Give back every entry, copied exactly.

--- --- ---

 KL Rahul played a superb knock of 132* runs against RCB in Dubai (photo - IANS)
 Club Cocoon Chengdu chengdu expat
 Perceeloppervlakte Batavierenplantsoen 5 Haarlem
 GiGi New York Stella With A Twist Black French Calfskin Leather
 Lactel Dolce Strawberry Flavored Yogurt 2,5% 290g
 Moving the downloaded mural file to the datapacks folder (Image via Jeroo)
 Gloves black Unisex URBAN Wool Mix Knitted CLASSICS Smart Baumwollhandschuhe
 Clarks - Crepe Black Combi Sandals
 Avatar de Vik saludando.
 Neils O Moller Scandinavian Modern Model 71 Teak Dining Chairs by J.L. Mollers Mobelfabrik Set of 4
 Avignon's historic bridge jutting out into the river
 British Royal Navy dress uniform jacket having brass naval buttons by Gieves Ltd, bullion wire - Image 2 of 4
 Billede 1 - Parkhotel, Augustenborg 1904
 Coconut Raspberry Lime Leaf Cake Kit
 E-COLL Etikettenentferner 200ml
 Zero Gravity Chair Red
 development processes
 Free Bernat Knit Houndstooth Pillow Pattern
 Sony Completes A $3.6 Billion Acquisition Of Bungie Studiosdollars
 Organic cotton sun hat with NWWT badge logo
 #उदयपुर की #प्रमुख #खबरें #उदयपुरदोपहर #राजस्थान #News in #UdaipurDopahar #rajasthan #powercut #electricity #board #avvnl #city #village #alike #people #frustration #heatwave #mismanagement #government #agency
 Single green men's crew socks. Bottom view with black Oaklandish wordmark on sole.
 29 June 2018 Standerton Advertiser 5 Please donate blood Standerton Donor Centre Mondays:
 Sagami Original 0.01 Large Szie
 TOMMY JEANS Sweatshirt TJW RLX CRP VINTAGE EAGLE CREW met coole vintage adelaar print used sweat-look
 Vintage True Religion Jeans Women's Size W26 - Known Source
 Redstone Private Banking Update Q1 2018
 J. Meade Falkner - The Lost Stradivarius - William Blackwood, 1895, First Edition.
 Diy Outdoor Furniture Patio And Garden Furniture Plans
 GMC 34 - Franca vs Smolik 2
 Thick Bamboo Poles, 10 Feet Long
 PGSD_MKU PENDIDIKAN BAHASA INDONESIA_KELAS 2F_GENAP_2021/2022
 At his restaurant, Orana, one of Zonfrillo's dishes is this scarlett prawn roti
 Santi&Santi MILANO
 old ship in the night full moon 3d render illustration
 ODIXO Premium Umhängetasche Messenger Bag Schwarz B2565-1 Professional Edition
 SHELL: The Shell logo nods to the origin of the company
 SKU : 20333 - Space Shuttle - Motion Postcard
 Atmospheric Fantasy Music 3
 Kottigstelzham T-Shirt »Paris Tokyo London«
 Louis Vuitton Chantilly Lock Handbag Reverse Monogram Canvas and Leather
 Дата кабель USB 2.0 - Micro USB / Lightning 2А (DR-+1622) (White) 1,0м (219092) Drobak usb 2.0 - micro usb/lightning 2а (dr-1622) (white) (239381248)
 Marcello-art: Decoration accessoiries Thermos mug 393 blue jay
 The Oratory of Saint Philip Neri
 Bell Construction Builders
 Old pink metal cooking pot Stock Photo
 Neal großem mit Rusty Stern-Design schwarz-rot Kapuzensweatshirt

--- --- ---

### TASK SOLUTION:
 KL Rahul played a superb knock of 132* runs against RCB in Dubai (photo - IANS)
 Club Cocoon Chengdu chengdu expat
 Perceeloppervlakte Batavierenplantsoen 5 Haarlem
 GiGi New York Stella With A Twist Black French Calfskin Leather
 Lactel Dolce Strawberry Flavored Yogurt 2,5% 290g
 Moving the downloaded mural file to the datapacks folder (Image via Jeroo)
 Gloves black Unisex URBAN Wool Mix Knitted CLASSICS Smart Baumwollhandschuhe
 Clarks - Crepe Black Combi Sandals
 Avatar de Vik saludando.
 Neils O Moller Scandinavian Modern Model 71 Teak Dining Chairs by J.L. Mollers Mobelfabrik Set of 4
 Avignon's historic bridge jutting out into the river
 British Royal Navy dress uniform jacket having brass naval buttons by Gieves Ltd, bullion wire - Image 2 of 4
 Billede 1 - Parkhotel, Augustenborg 1904
 Coconut Raspberry Lime Leaf Cake Kit
 E-COLL Etikettenentferner 200ml
 Zero Gravity Chair Red
 development processes
 Free Bernat Knit Houndstooth Pillow Pattern
 Sony Completes A $3.6 Billion Acquisition Of Bungie Studiosdollars
 Organic cotton sun hat with NWWT badge logo
 #उदयपुर की #प्रमुख #खबरें #उदयपुरदोपहर #राजस्थान #News in #UdaipurDopahar #rajasthan #powercut #electricity #board #avvnl #city #village #alike #people #frustration #heatwave #mismanagement #government #agency
 Single green men's crew socks. Bottom view with black Oaklandish wordmark on sole.
 29 June 2018 Standerton Advertiser 5 Please donate blood Standerton Donor Centre Mondays:
 Sagami Original 0.01 Large Szie
 TOMMY JEANS Sweatshirt TJW RLX CRP VINTAGE EAGLE CREW met coole vintage adelaar print used sweat-look
 Vintage True Religion Jeans Women's Size W26 - Known Source
 Redstone Private Banking Update Q1 2018
 J. Meade Falkner - The Lost Stradivarius - William Blackwood, 1895, First Edition.
 Diy Outdoor Furniture Patio And Garden Furniture Plans
 GMC 34 - Franca vs Smolik 2
 Thick Bamboo Poles, 10 Feet Long
 PGSD_MKU PENDIDIKAN BAHASA INDONESIA_KELAS 2F_GENAP_2021/2022
 At his restaurant, Orana, one of Zonfrillo's dishes is this scarlett prawn roti
 Santi&Santi MILANO
 old ship in the night full moon 3d render illustration
 ODIXO Premium Umhängetasche Messenger Bag Schwarz B2565-1 Professional Edition
 SHELL: The Shell logo nods to the origin of the company
 SKU : 20333 - Space Shuttle - Motion Postcard
 Atmospheric Fantasy Music 3
 Kottigstelzham T-Shirt »Paris Tokyo London«
 Louis Vuitton Chantilly Lock Handbag Reverse Monogram Canvas and Leather
 Дата кабель USB 2.0 - Micro USB / Lightning 2А (DR-+1622) (White) 1,0м (219092) Drobak usb 2.0 - micro usb/lightning 2а (dr-1622) (white) (239381248)
 Marcello-art: Decoration accessoiries Thermos mug 393 blue jay
 The Oratory of Saint Philip Neri
 Bell Construction Builders
 Old pink metal cooking pot Stock Photo
 Neal großem mit Rusty Stern-Design schwarz-rot Kapuzensweatshirt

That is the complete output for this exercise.